The objective is to automatically extract from a large amount of audio (or audiovisual) data, latent dimensions that are interpretable at the perceptual or physiological level, for the study of sound systems as well as for the control of synthesis. We are mainly interested in auto-encoders (AE), and more particularly in variational auto-encoders (VAE).

Constraining the latent representations of a variational auto-encoder

In the context of a collaboration with the company Arturia (CIFRE thesis of Fanny Roche), we are interested in the control of the timbre of a synthetic sound from high level symbolic descriptors. The targeted synthesizer must for example allow to make a sound more "aggressive", "warmer", etc.. We have proposed a technique based on VAE variational autoencoders, whose latent dimensions we have constrained to approach a set "psychoacoustic" dimensions, extracted from human evaluation of musical sounds.

Roche, F., Hueber, T., Garnier, M., Limier, S., & Girin, L. (2021). Make That Sound More Metallic: Towards a Perceptually Relevant Control of the Timbre of Synthesizer Sounds Using a Variational Autoencoder. Transactions of the International Society for Music Information Retrieval, 4(1), pp. 52–66.

Roche, F.,. Hueber, T., Limier, S, Girin. L., “Autoencoders for music sound modeling : a comparison of linear, shallow, deep, recurrent and variational models”. In Proc. of SMC. Malaga, Spain, 2019.
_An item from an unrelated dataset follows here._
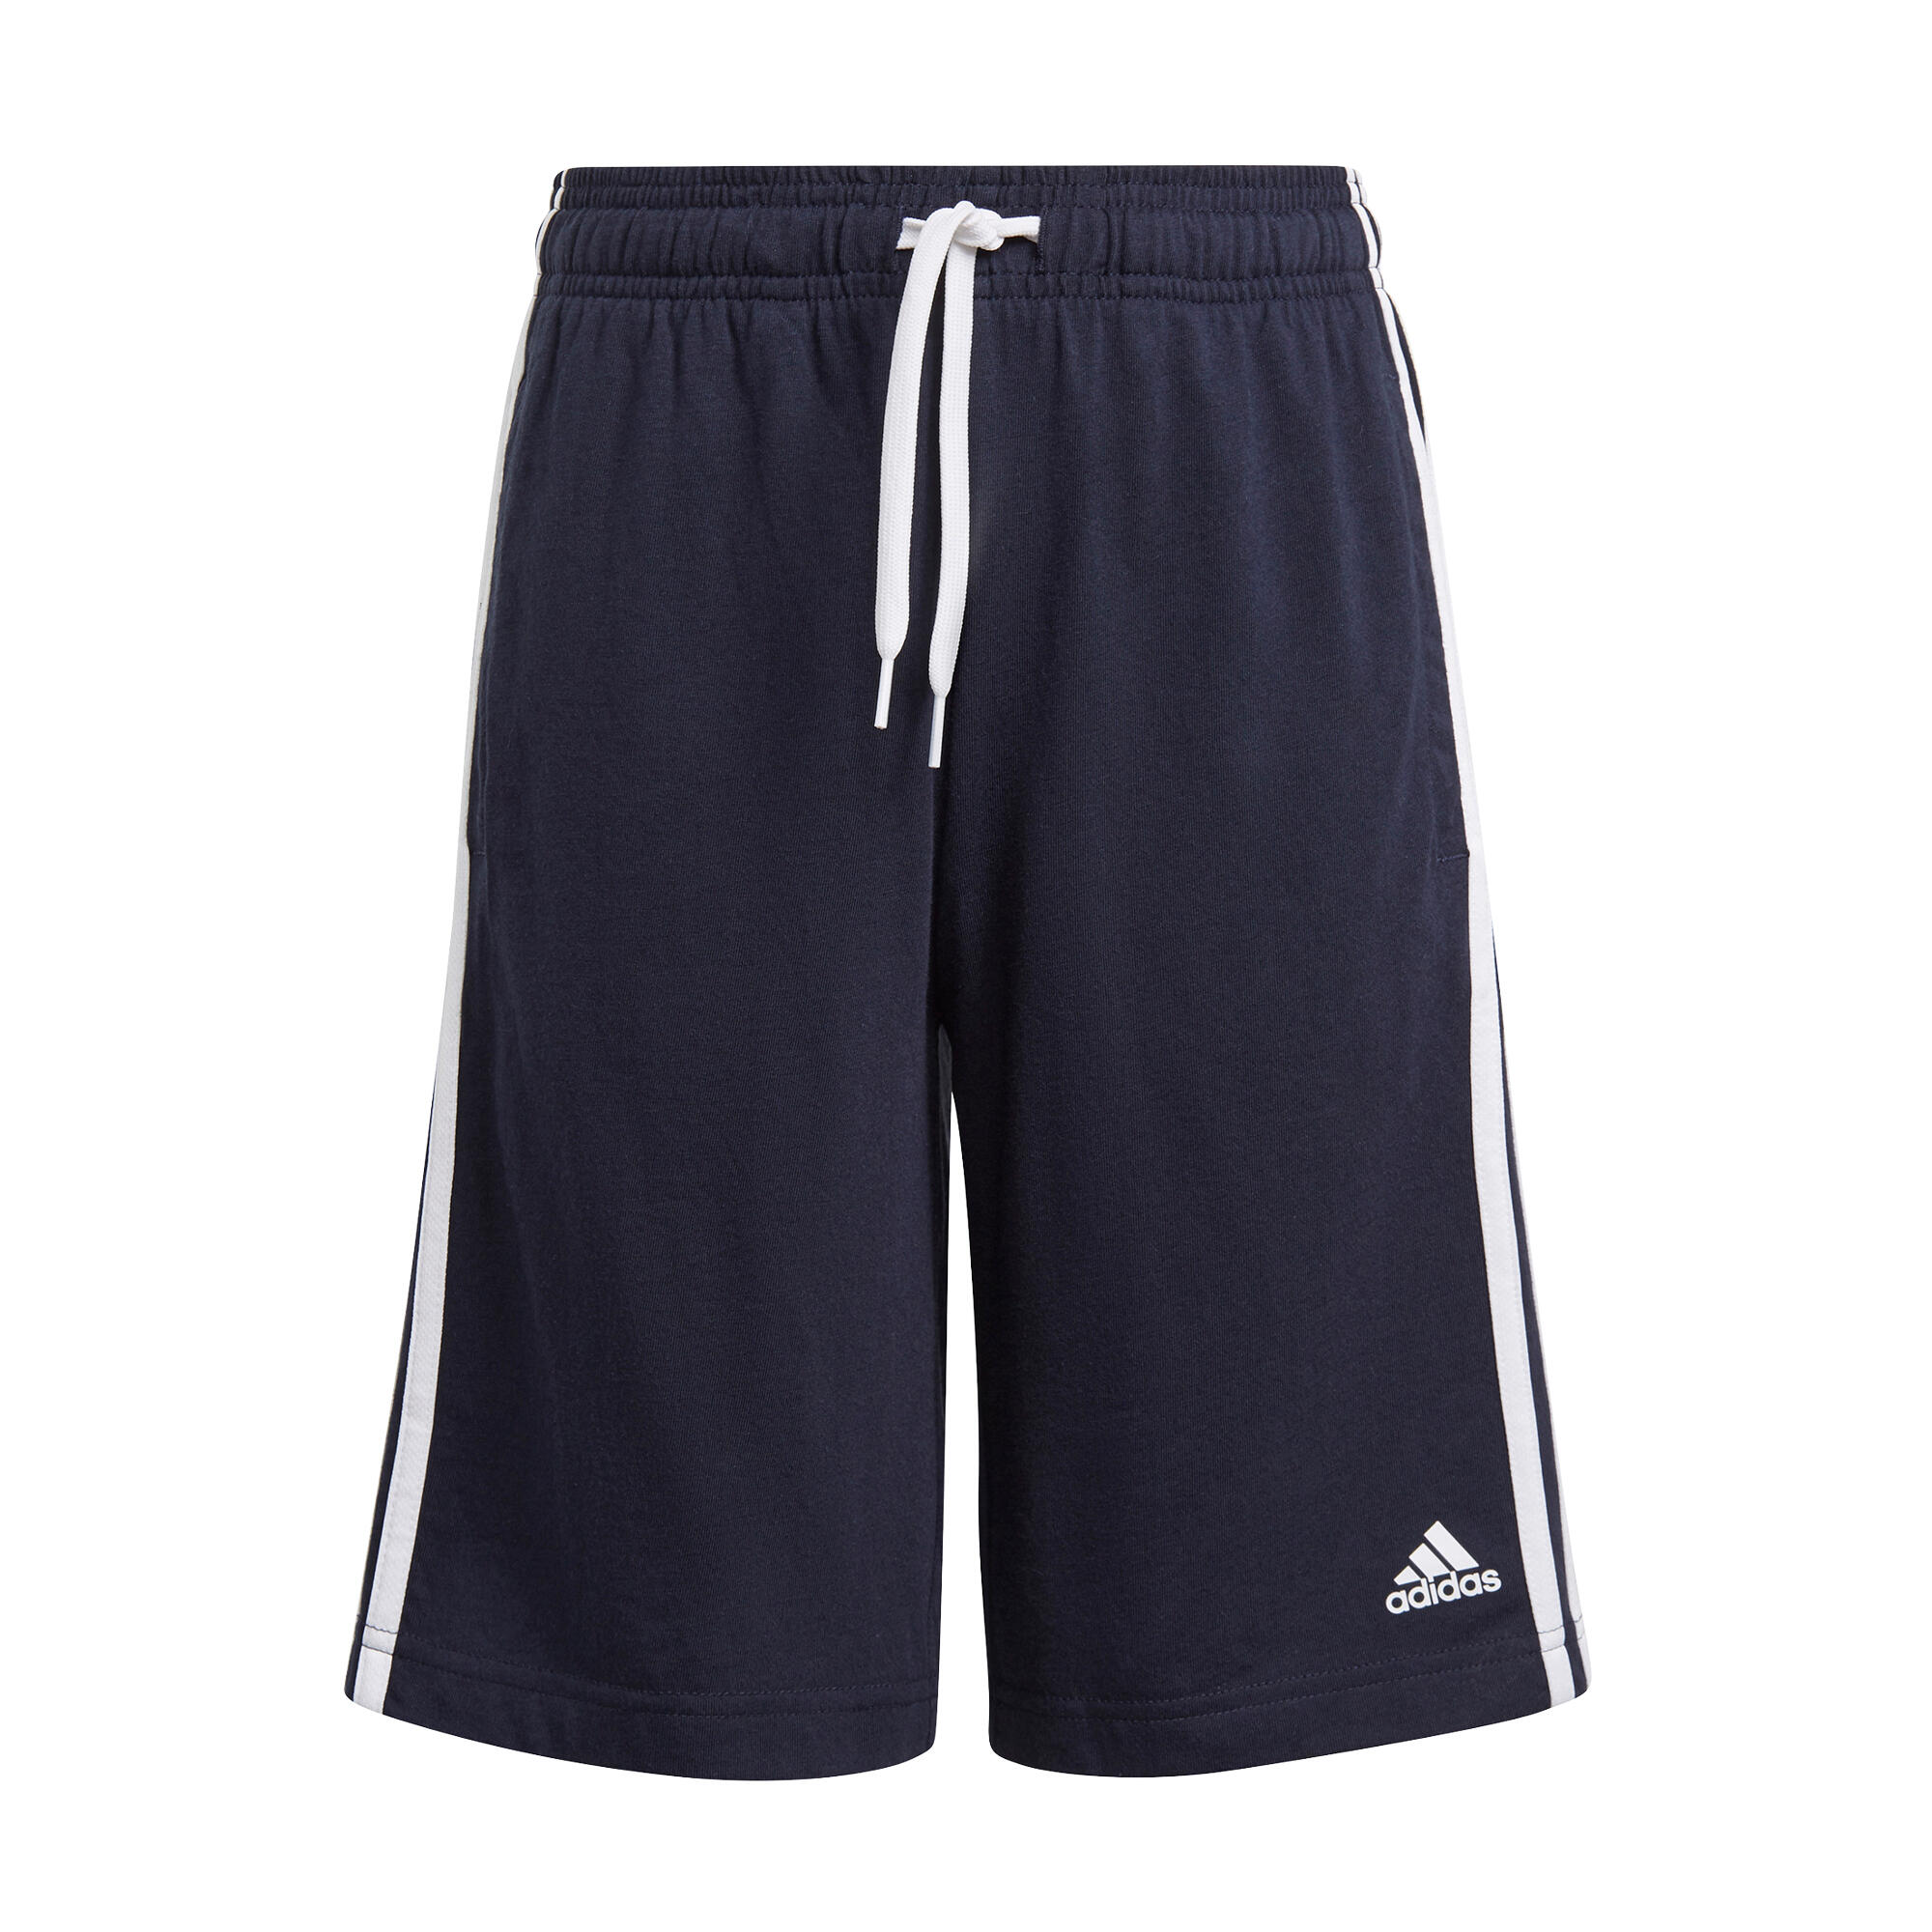 Şort Adidas băieți imagine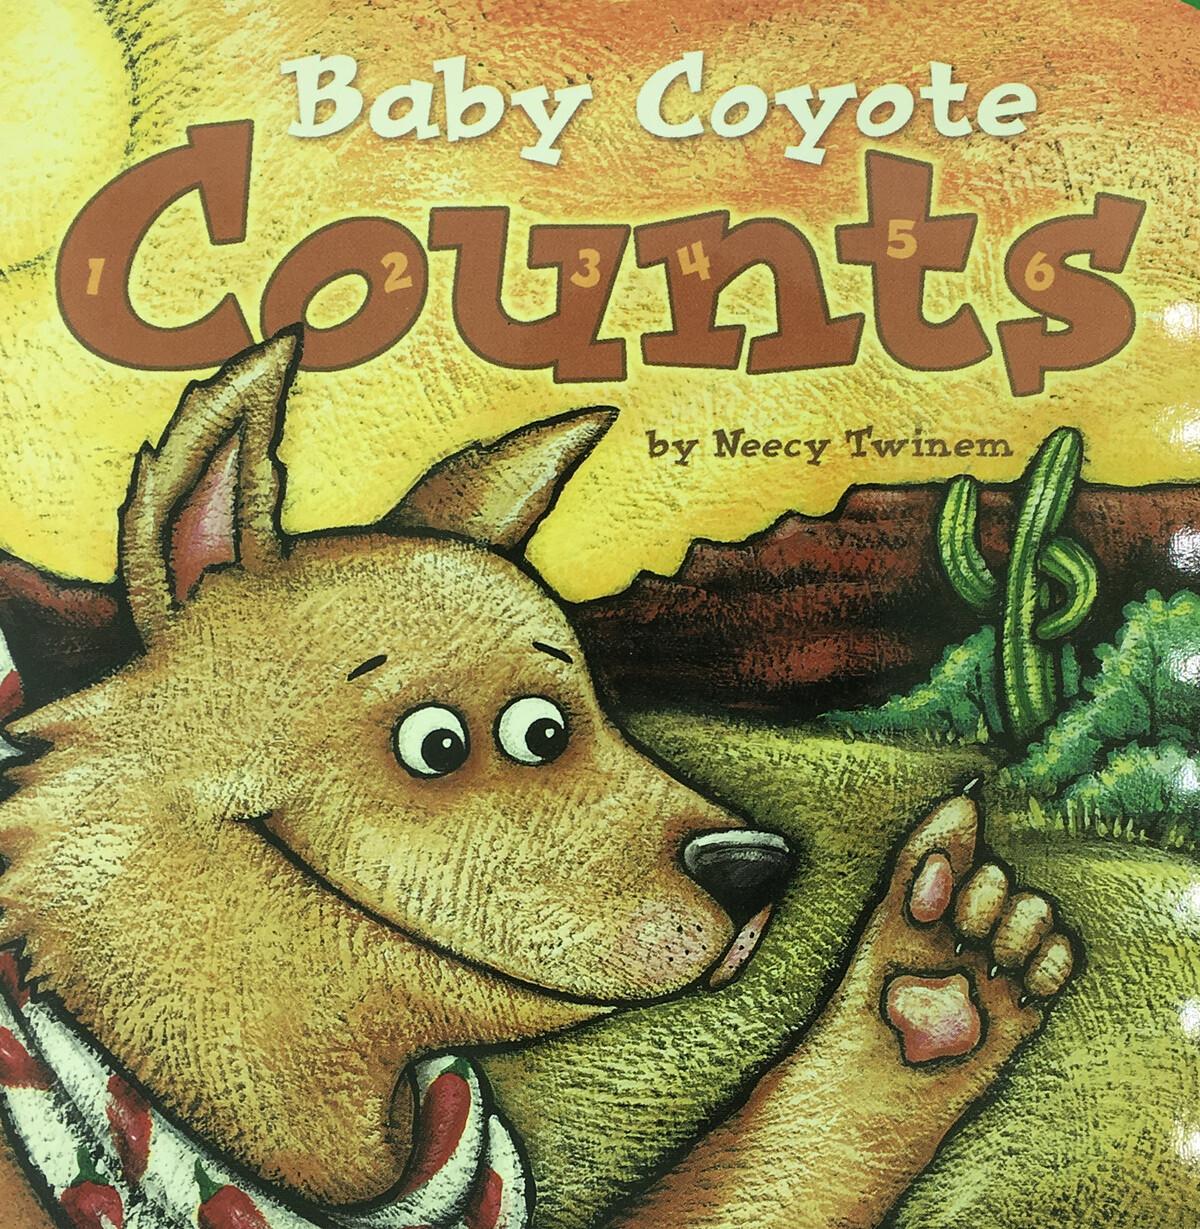 Baby Coyote Counts

We then applied this regularization technique to speech. We were interested in simulating a motor simulation process during the processing of an auditory stimulus by the brain. Here, the VAE encoder is used to "project" an auditory stimulus to a latent space whose dimensions are constrained to encode articulatory information. We were able to show that this articulatory constraint improves learning speed and model accuracy, and gives better performance in a speech denoising task than an unconstrained VAE.

Georges M-A, Girin L., Schwartz J-L, Hueber, T., "Learning robust speech representation with an articulatory-regularized variational autoencoder", Proc. of Interspeech, 2021, pp, 3335-3349 (preprint)
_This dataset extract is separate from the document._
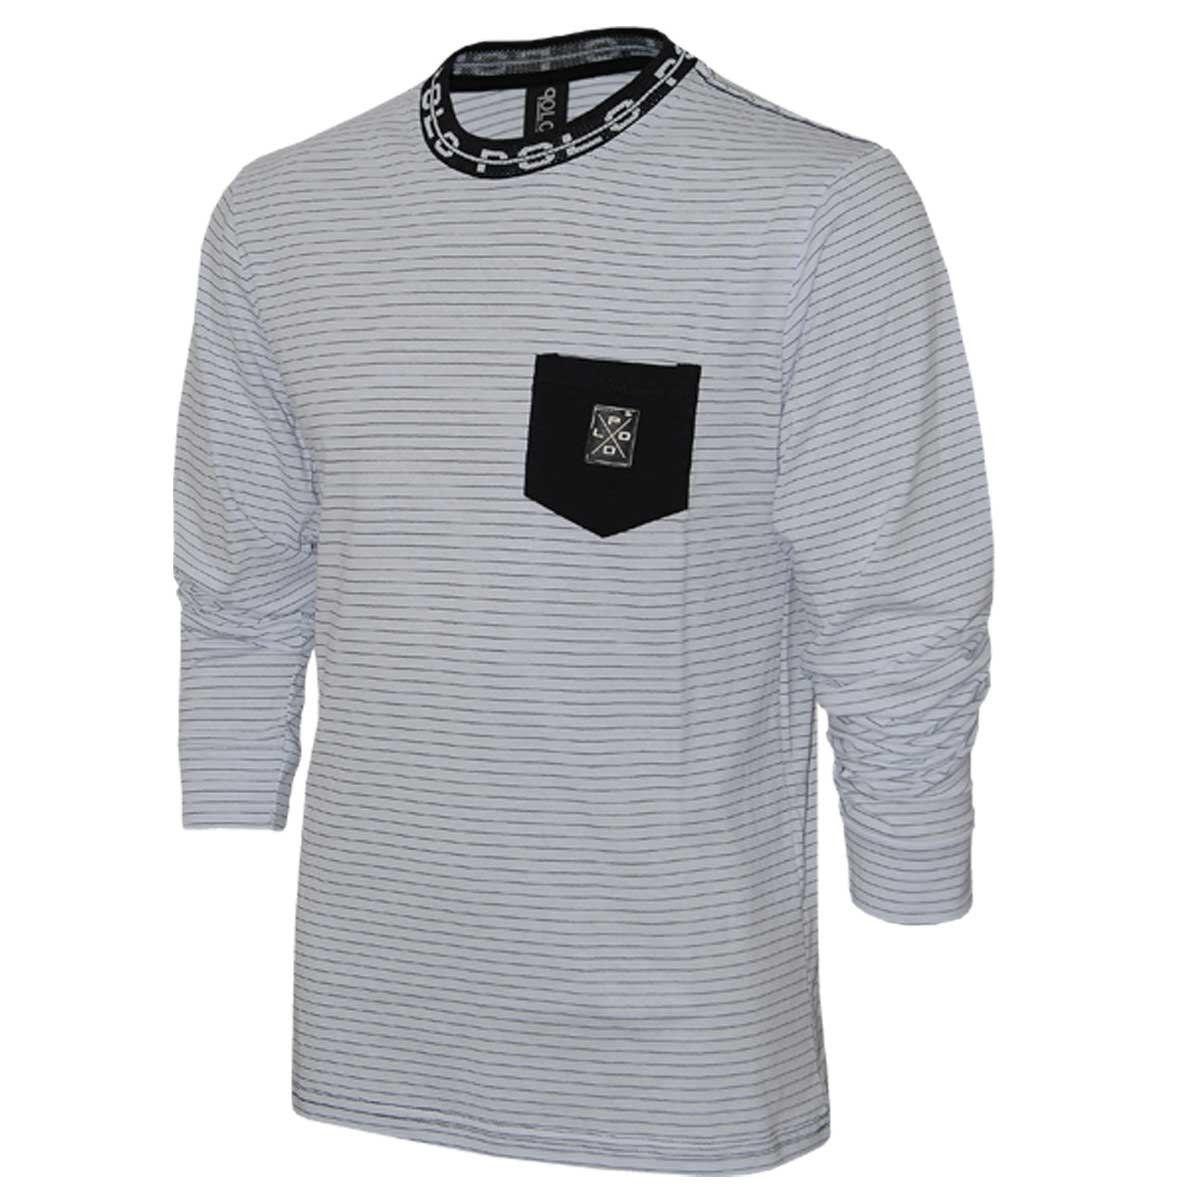 Camiseta Manga Longa com Bolso

Self-supervised learning of acoustic-articulatory relationships

Most of the artificial speech perception and production systems (i.e. ASR, articulatory synthesizer, TTS) exploit statistical models whose parameters are generally estimated by using supervised machine learning. This supervised learning of the links between the different spaces of speech representation (acoustic, articulatory, linguistic) seems to be far from the way a human perceives, processes and produces speech. In particular, we are interested in how a child learns the relationship between the sound of speech and the associated articulatory gesture. We are developing a communicating agent, based on deep learning techniques, capable of learning these sensory-motor relationships in a self-supervised manner, by attempting to repeat the auditory stimuli it perceives (Marc-Antoine George's PhD).
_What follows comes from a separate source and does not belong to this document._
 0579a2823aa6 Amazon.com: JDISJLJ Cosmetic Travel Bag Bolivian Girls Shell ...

Georges M-A, Diard, J., Girin, L., Schwartz J-L, Hueber, T., "Repeat after me: self-supervised learning of acoustic-to-articulatory mapping by vocal imitation", Proc. of ICASSP, to appear

Predictive coding of auditory and audiovisual speech

One of the common pre-text tasks for self-supervised representation learning is the prediction of the future of an input signal, based on its past. This paradigm, called predictive coding, is also very present in cognitive science and neuroscience. It assumes that our brain implements an online inference algorithm of future sensory inputs, from past sensory inputs. For speech, this prediction would be based on the search for regularities in the acoustic signal, but would also recruit the motor and linguistic levels. Using convolutional networks trained on large multi-speaker databases, we quantified the usefulness of such a strategy, for different time spans (from 25 to 150ms), for auditory and audiovisual speech.

Hueber, T., Tatulli, E., Girin, L., Schwartz, J-L., "Evaluating the potential gain of auditory and audiovisual speech predictive coding using deep learning", Neural Computation, vol. 32 (3), to appear (preprint, source code, dataset/pretrained models)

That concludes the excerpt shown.